The latest sales attempt would put the property in the hands of developers with a track record of building projects on the Strip. It would also mark another lucrative real estate sale in Las Vegas’ famed casino corridor, which has had a surge of property transactions over the past few years and rising land prices.
Torino, owner of Torino Companies, and Kanavos, chairman and CEO of Flag Luxury Group, teamed up more than a decade ago to develop a three-story retail complex at the northeast corner of Las Vegas Boulevard and Harmon Avenue.
The project, called Harmon Corner, features tenants such as Bubba Gump Shrimp Co. and Sugar Factory.
More recently, they built a four-story retail project called 63 at the southwest corner of the same intersection, next to luxury mall The Shops at Crystals at the multi-tower CityCenter complex.
The new project is slated to feature such tenants as Ocean Prime, whose operators said they’d invest nearly $20 million in the seafood and steakhouse restaurant set to open this spring.
Terms of the deal
As part of the land sale, the 14-member LVCVA board is slated to consider spending $2 million on closing costs and other contractual requirements.
The clock on a 90-day due diligence period begins upon approval of the deal. If the purchase and sale agreement gets the green light, the buyers have five days to make a $3 million initial deposit. By the end of the due diligence period, an additional $2 million will be required from the buyers.
The sale must be completed by Sept. 11, according to the tourism agency’s meeting agenda.
As part of the agreement, the LVCVA carved out two time frames to license the parcel for $1: in late October and early November for the Specialty Equipment Market Association automotive trade show and in December and January for the tech megashow CES 2024.
Similar to its agreement with Fischer, Torino and Kanavos will be required to begin construction within 10 years, meaning the latest construction could begin is 2033.
Should the new buyers decide to sell the property, the LVCVA would have the first crack at buying it back.
Stretch of the Strip
A decade or so ago, after Las Vegas’ once-supercharged real estate market imploded, the north Strip featured halted megaresort projects, big land tracts where massive developments never materialized and minimal foot traffic.
The area still gets less foot traffic than other parts of the Strip, and there are still big parcels of land with an uncertain future. But the north Strip has gained momentum.
The 67-story Fontainebleau, reacquired two years ago by original developer Jeffrey Soffer, is under construction and scheduled to open in the fourth quarter this year.
Resorts World Las Vegas, a $4.3 billion project with 3,500 rooms, debuted in June 2021 to a crowd of at least 20,000 people on its opening night. The Las Vegas Convention Center’s new $1 billion West Hall opened the same month.
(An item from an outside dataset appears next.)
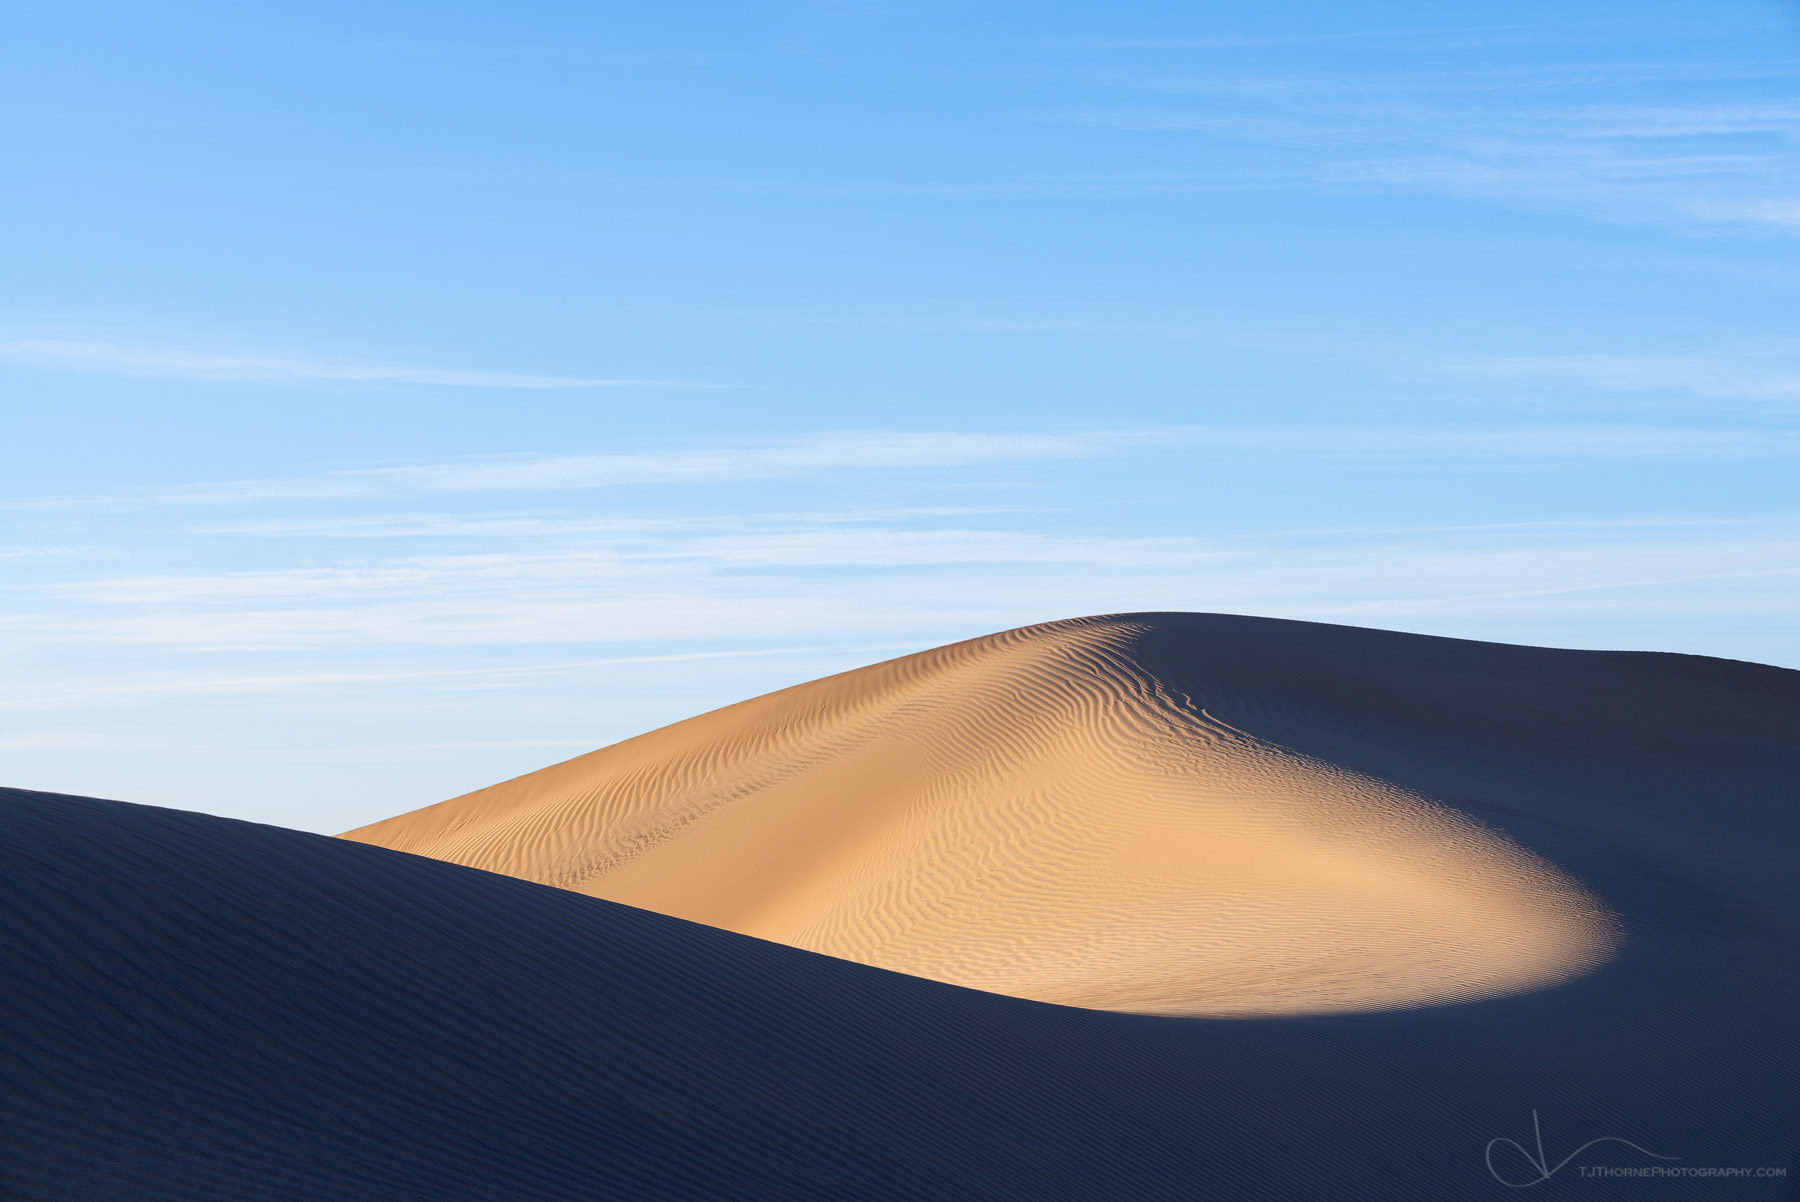 Early evening light on Mesquite Sand Dunes in Death Valley National Park, California.

The LVCVA bought the Riviera hotel-casino in 2015 for $182.5 million, acquiring the 26-acre site for Convention Center expansion space. It imploded the resort.
Authority officials have talked about selling the corner plot — now eyed by Torino and Kanavos — since at least February 2019, when President and CEO Steve Hill told a breakfast meeting of NAIOP, a commercial real estate association, members that the agency would look to sell about 10 acres of the former Riviera site.
At the time, Hill did not offer an estimate on how much the parcel could be worth, though he thought it would fetch top dollar.
“It may be the most valuable piece of property that a government agency has ever sold,” Hill told the Review-Journal.
In March 2019, the LVCVA hired brokerage firm CBRE Group to sell the property. No asking price was given.
Contact Richard N. Velotta at rvelotta@reviewjournal.com or 702-477-3893. Follow @RickVelotta on Twitter. Contact Eli Segall at esegall@reviewjournal.com or 702-383-0342. Follow @eli_segall on Twitter.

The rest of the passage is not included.